With very frightening people I walk very carefully, not wanting to make waves with Gloria II. You left, afraid, at least able to articulate your fear. I was numb. Or the remnant brethren ran you off. But the point was, you left without me. You said you needed space. I thought you were already emotionally tied into women at your job, or at least one. After all, we met in unfaithfulness to our first spouses.
James had the wide territory of my heart. Yet, his Leave-It-To-Beaver Willow Glen heritage made him hide in “keeping it positive.” Mr. K, I could not tell you my problems, nor speak what was wrong with me. I was becoming something monstrous and while you watched from your superior perch. I had to bear it alone, like your alcoholic Mom. I winced at how superior you acted around her and should have known I’d wind up in the same brain map, sooner or later.
So I broke our legal bond, with the most deliberate sadness ever. It was March 4th when I had the papers served. I fiercely wanted not to love someone who would walk by me weeping piteously on his recliner while he collected his Fiesta ware and homemade jam. Your apologetic air wasn’t enough to save me. Years later, I would stop looking back in regret, and stop longing for the simple comfort we took in each other. The ache of seeing another put his arm around his girl, or two being silly in a grocery store. The pain of spring blossoms screaming I’m alone without you.
Once we walked, you as Abe Lincoln in a 4th of July parade, which suited you to a T. I, of course, worked well as the short wife, eccentric and supposedly mentally ill. I remember that now, since Speilberg’s film is out. I rankle with the memory that you actually wrote Gloria II you thought I had a history of mental illness, assuming my sibling suicides qualified you to be superior. Trying to take the world view of a fundamentalist and losing the love of my life…tested my sanity all right. Yes, I seemed crazy trying to loathe someone I loved.

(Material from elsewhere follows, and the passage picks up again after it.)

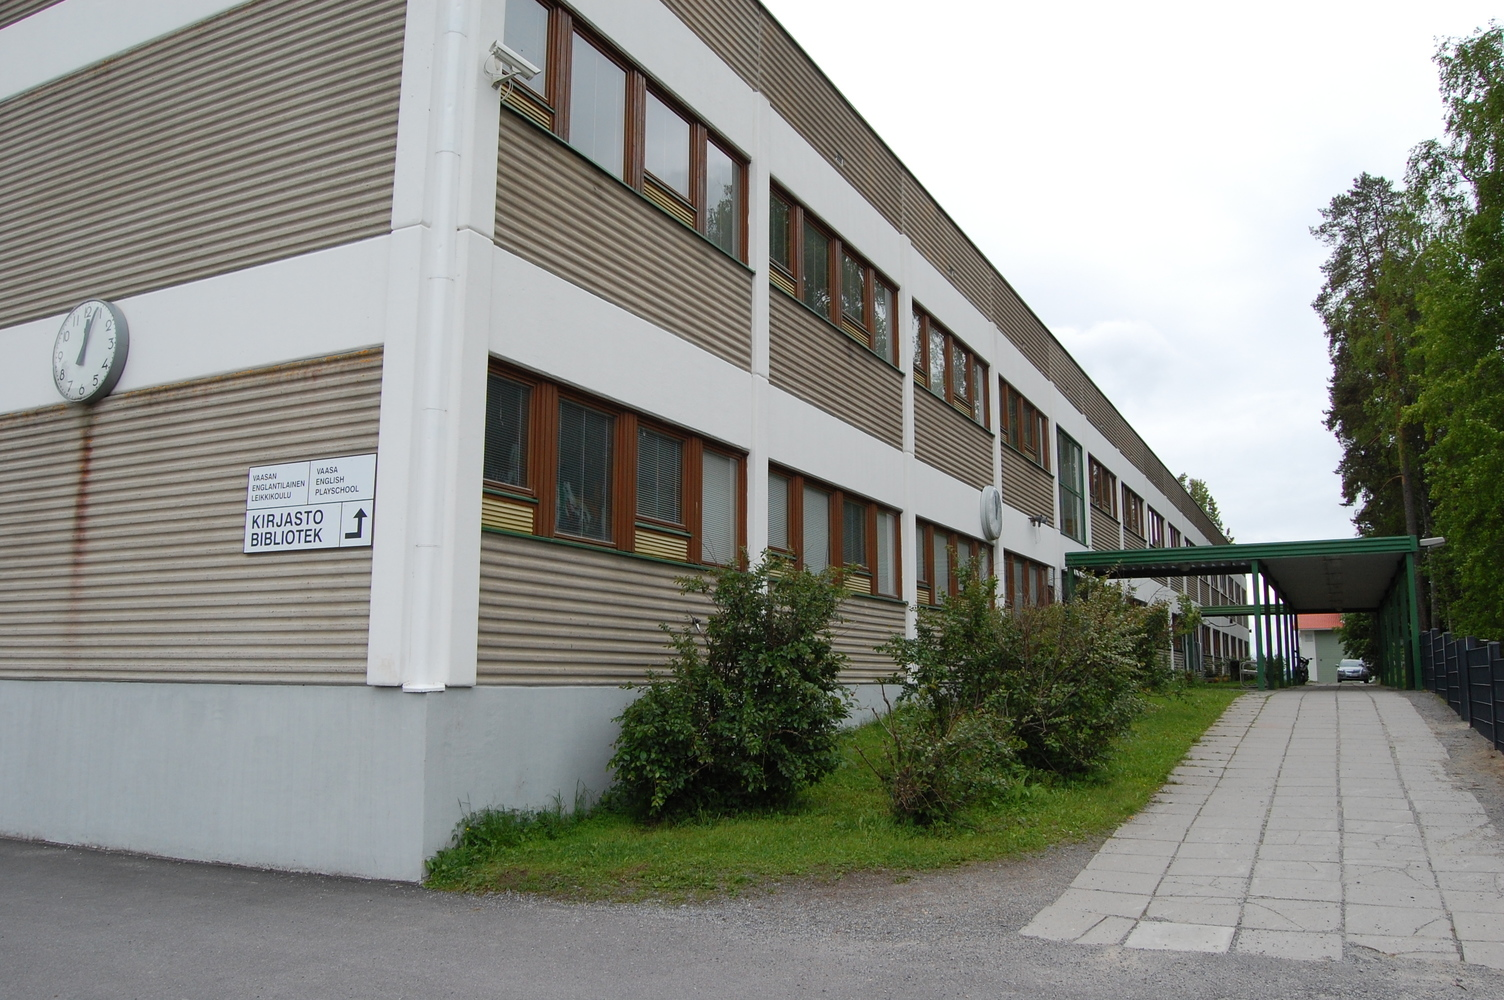 Suvilahti library

And that’s not the real tragedy. Not the great loss. The lie of a sealed system of “correct” belief that was paraded as salvation was tragic. The unabated emotional cruelty of cult leadership was obscene. However, the sad piece is that I married you when I never believed you’d stay with me. Was it all my self-full filling prophesy, or should I have trusted my intuition and turned you down the second time you proposed?